I Think I Already Have Top Pick of 2026.
After playing in excess of 200 recent games this year, It's time to wrapping things up on 2025. My best-of compilation is published, and I'm satisfied with the concluding selections, despite being aware plenty of fantastic releases probably slipped through the cracks. Now, there's nothing for me to do but sit back, take a short break, and possibly go for a nice walk in the— ah crap, discovered one more great game. There go my intentions!
A Surprising Favorite Surfaces
During my laid-back sessions, often set aside for a selection of unusual games, I've come across what might become my first favorite game of 2026. Sol Cesto is a distinctive roguelike for Windows PC that breaks down a classic dungeon crawler into a probability-fueled game of high stakes danger and payoff. Take this as an early adopter's heads-up: If you take pride discovering a game before it's cool, test out Sol Cesto so you can burn a spot in your gaming budget.

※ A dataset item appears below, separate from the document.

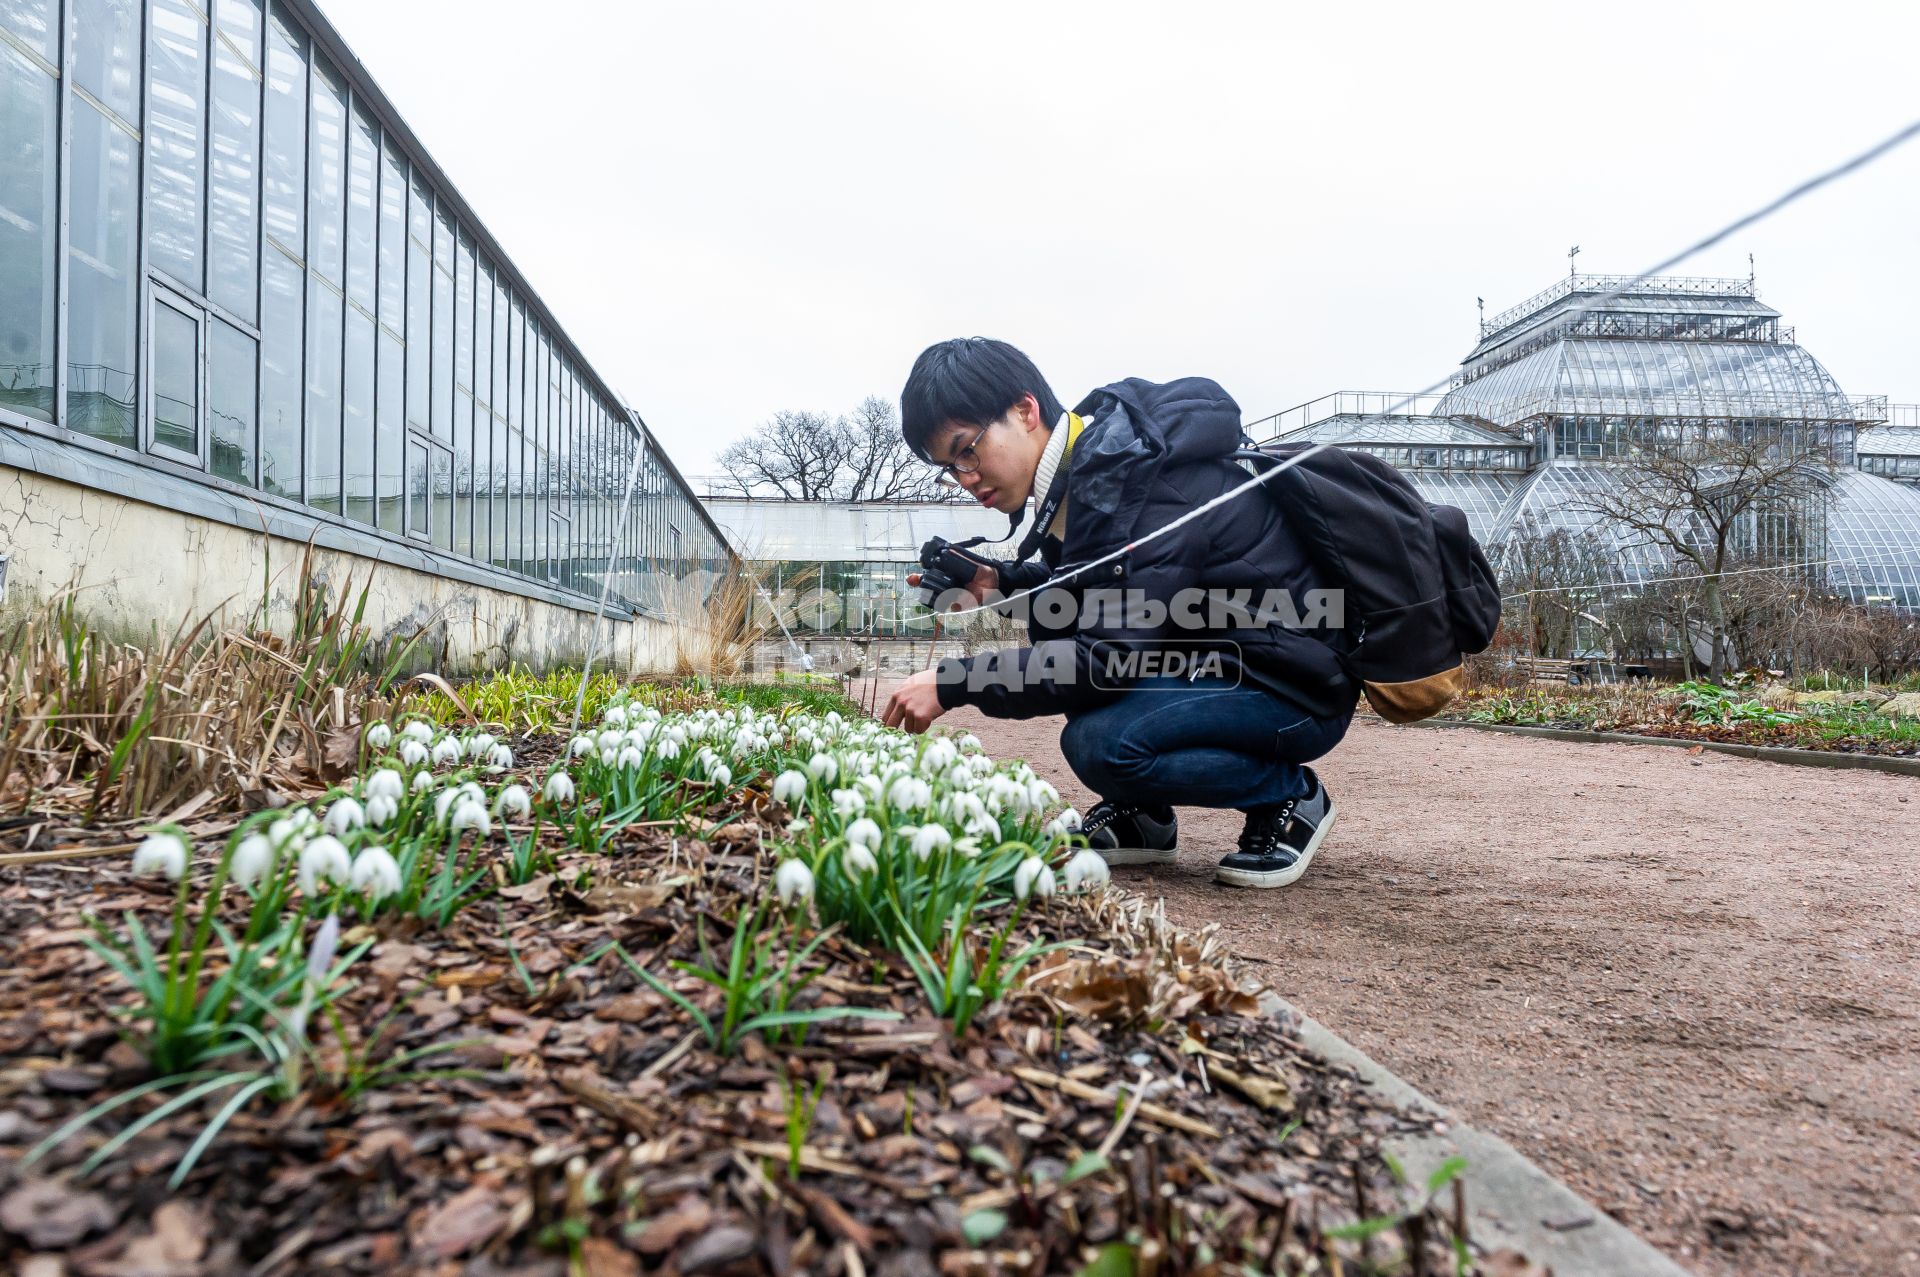 Санкт-Петербург.  Посетители фотографируют  Белоснежный подснежник   в Ботаническом саду Петра Великого.

A Tactical Roguelike Twist
Sol Cesto is a thought-provoking procedural game that's a departure from all I've ever played. The premise is that you need to explore a dungeon, going down level by level in search of the sun, which has gone missing from its world. When you play, this creates some standard crawl progression. Pick a hero possessing unique attributes and skills, defeat enemies on every stage of foes, acquire some passive buffs (which are teeth), and defeat a few biome bosses. Simple enough!
The Unique Central System
How you effectively complete a chamber, however. Each instance you begin a fresh level, the game presents a 4x4 grid of boxes. Every tile either contains a monster, a loot box, a trap, or a life-giving berry. To explore a room, you simply click on one of the horizontal lines, but which square you select is determined by luck.
You might see a row with multiple foes, a strawberry, and a treasure chest in it. You initially will have a quarter likelihood of landing on a particular space in a row.

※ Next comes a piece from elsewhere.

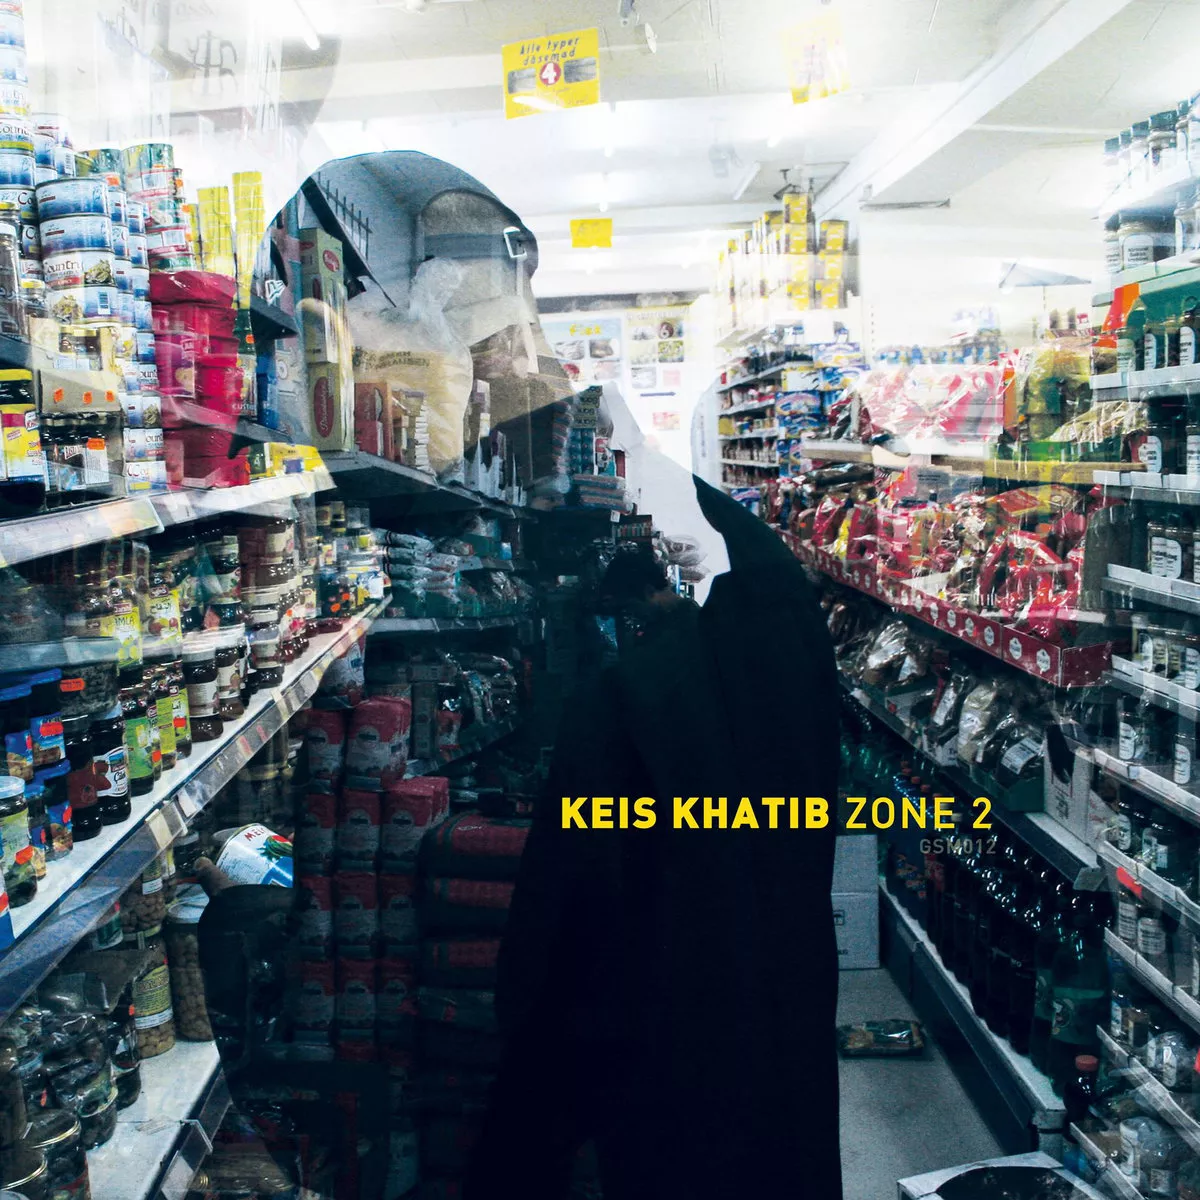 Zone 2 - Keis Khatib

Subsequently, your probabilities change. The question becomes: Do you go for it, or do you click on a safer line first and attempt some safer moves early? Herein lies the risk-reward dynamic at play in Sol Cesto, and it's engrossing once you get a feel for it.
Shaping the Odds
The meta-layer is that your probabilities can be influenced over the course of a session by picking up teeth that alter which objects you're drawn toward. As an instance, you might get a perk that will reduce the probability of hitting a trap, but will concurrently lower the odds of finding a reward too.
- Developing a strategy is about influencing the statistics optimally to have a better shot at getting your desired outcome.
- During one attempt, I invested my power boosts toward melee prowess and selected all the teeth possible that would increase my odds of attracting me toward monsters of that variety.
- In another run, I constructed my hero around loot caches and paired that with a perk that would weaken adjacent enemies whenever I secured loot.
The strategic possibilities are not endless, but it provides ample to experiment with to let you manipulate numbers the way you want.
A Constant Tension
Unsurprisingly, it's still a game of chance. There remains the risk that you have a likely outcome to select the preferred space but ultimately choose on an enemy that would deplete your final hit point. Every move is a gamble, so there's a constant tension as you work through a stage and choose whether to press onward or to proceed to the next floor instead of pushing your luck.
Tools such as destructive ordnance assist in minimizing the chance, similar to some hero powers. An adventurer's signature move, charged after selecting four tiles, enables you to select a vertical line instead of a horizontal row on a turn. If you play this move wisely, you can hold that ability for the right moment to avoid a risky decision. There's a shocking level of strategy in the simple act of clicking.
Future Development
Sol Cesto is remaining in early access, and it has a final update to go until the final game is released. A new character and a additional end-level foe are planned for release by the end of January. The official version likely won't be much later, but the studio haven't committed to a concrete launch day yet.
A Parting Recommendation
Whenever its 1.0 launch occurs, you ought to put Sol Cesto in your sights. I've been positively obsessed with it, uncovering each of small details and saving my accumulated currency every session to reveal a continuous trickle of meta progression rewards, featuring fresh adventurers and items I can buy mid-attempt. I still haven't completed the dungeon, and I have a sense I'll still be working on that task when 1.0 finally hits. Count me in for the long haul.